Never restart the service that's serving you
Khadam runs as a systemd service (okhalal-webhook.service). Claude Code runs inside that process. If I restart the service, I kill my own response — the session is gone, the Telegram message never arrives. I learned this the hard way and it's now a hard rule: never restart the webhook service from within a Claude session. Restart it manually from the server if needed.
9. The Objections
"Why not just use the Claude app?" Because the Claude app doesn't know my codebase, doesn't watch my server, doesn't fix my GitHub issues while I sleep, doesn't deliver my morning briefing, and doesn't remember anything between sessions. The Claude app is a general-purpose chat interface. Khadam is a system that acts on my behalf in my specific context.
"Isn't this reinventing the wheel?" Partially. The memory system, the webhook listener, the model routing, the auto issue fixer — those required real engineering. The underlying intelligence is Claude. I didn't build the AI. I built the infrastructure that makes the AI useful for my specific situation. That's not reinventing the wheel; that's fitting a wheel to your particular vehicle.
"Isn't this expensive?" The model routing is the main cost control. Haiku handles simple messages at near-zero cost. Sonnet handles most conversations. Opus is reserved for actions. Budget caps on each tier prevent runaway spend.
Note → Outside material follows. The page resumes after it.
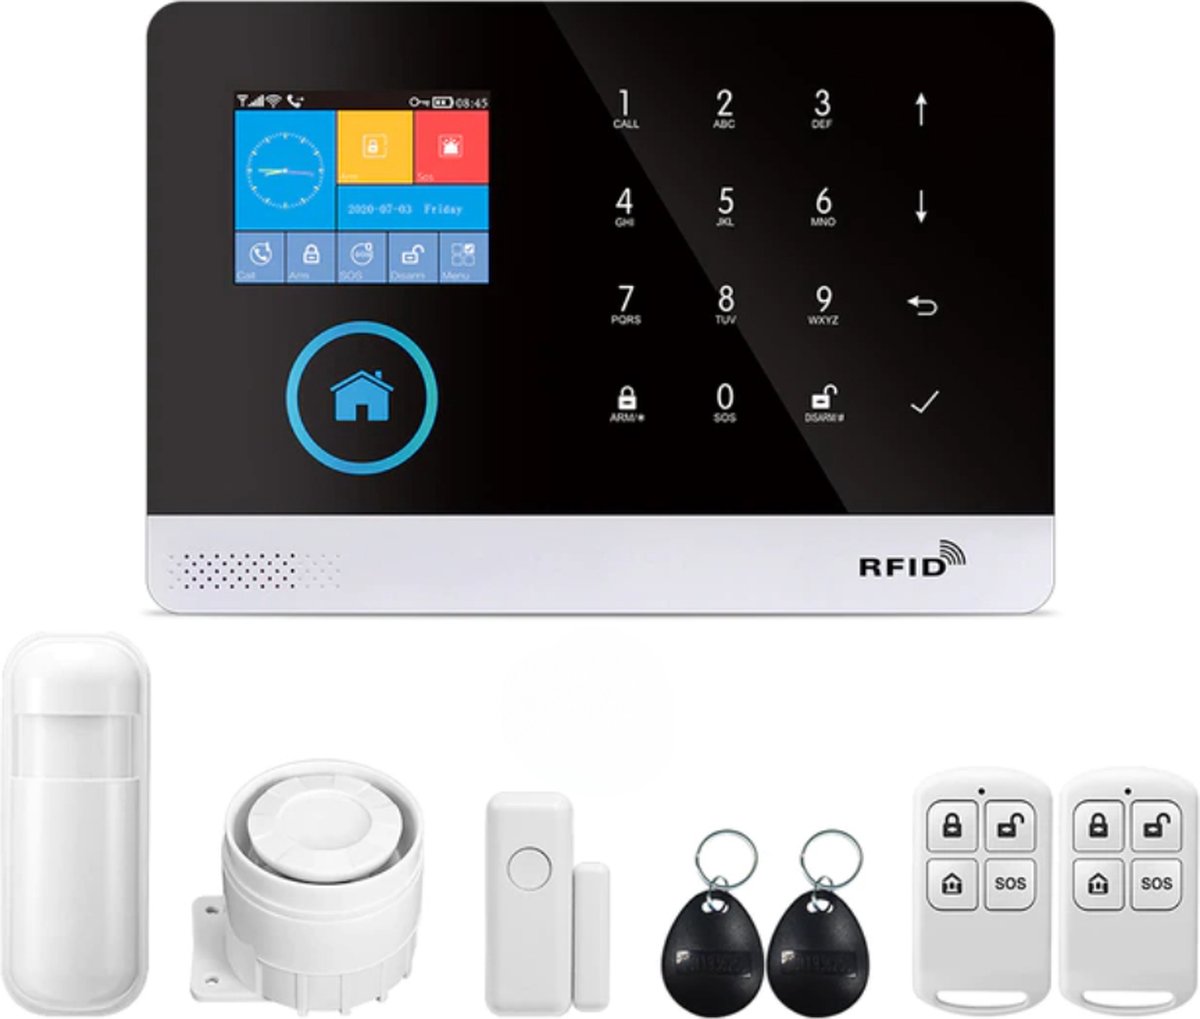 Alarmsysteem Voor Thuis | Smart Home App - Beweegsensor | Alarm - Security & Safety
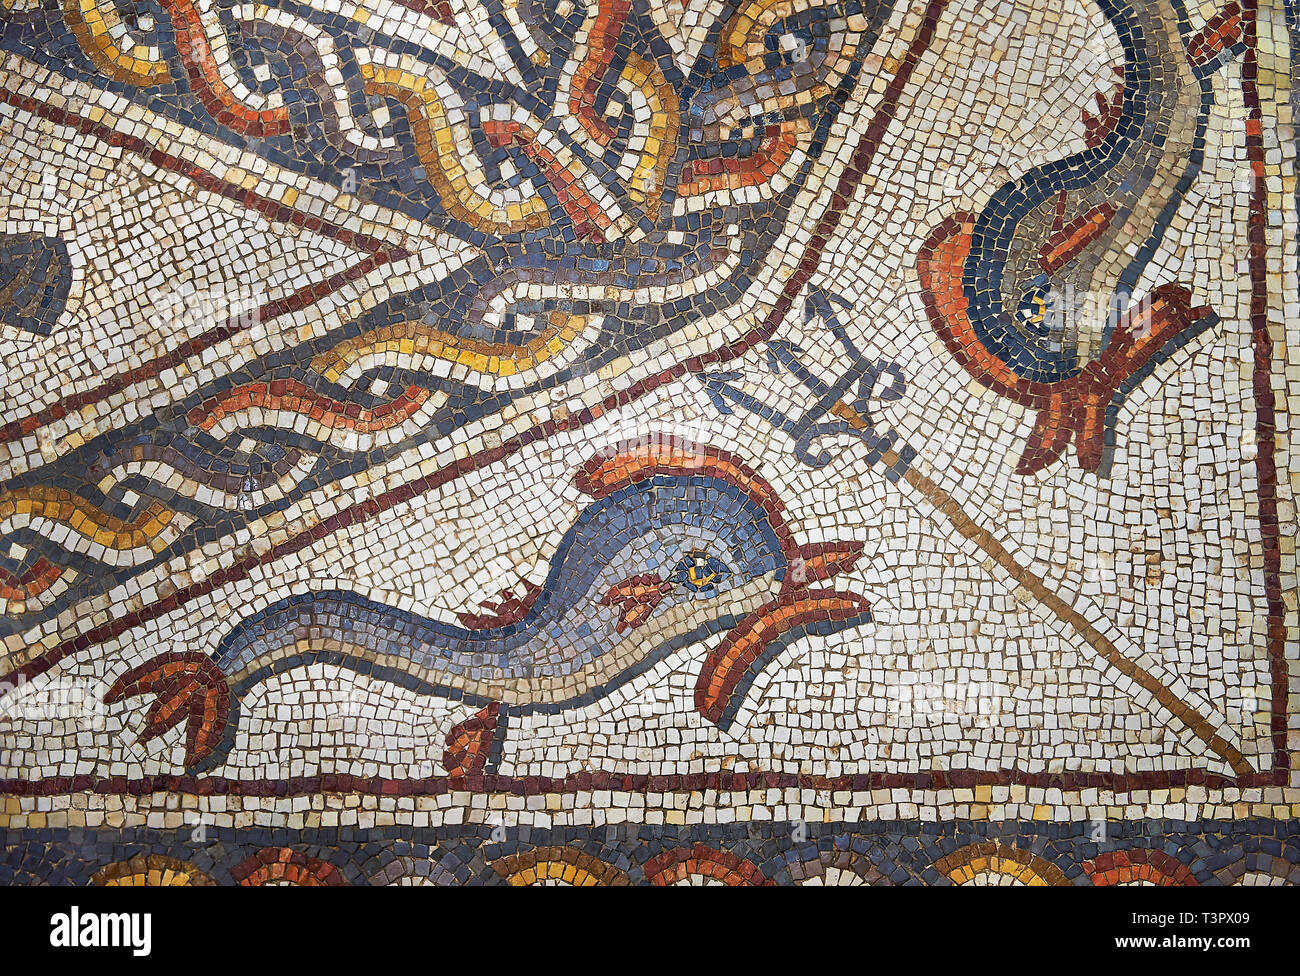 Le poisson de la 3e siècle mosaïque romaine villa étage de Lod, près de Tel Aviv, Israël. La mosaïque romaine de Lod est le plus grand et le mieux préservé mo Banque D'Images

The daily cost for a full day of active use — including the digest, watchdog, and several coding sessions — is well within a reasonable solo-founder infrastructure budget.
10. What's Next
The scripts are public at github.com/nurikhwanidris/khadam. Secrets are gitignored. The architecture diagram is at draw.nurikhwanidris.my.
The next things I'm thinking about: voice message support (Telegram allows it, the listener doesn't process it yet), smarter watchdog alerting with trend detection instead of just state changes, and better cost reporting so I can see exactly where each day's spend went.
The bigger picture goal hasn't changed since February 25: an AI that runs with me, not just for me. Something that accumulates context, takes initiative on small decisions, and escalates the important ones to me. Not a chatbot. A collaborator with memory and tools and a permanent address on my server.
Khadam is Malay for "servant" — someone who takes care of things so you can focus on what matters. That's what I built. It's doing exactly that.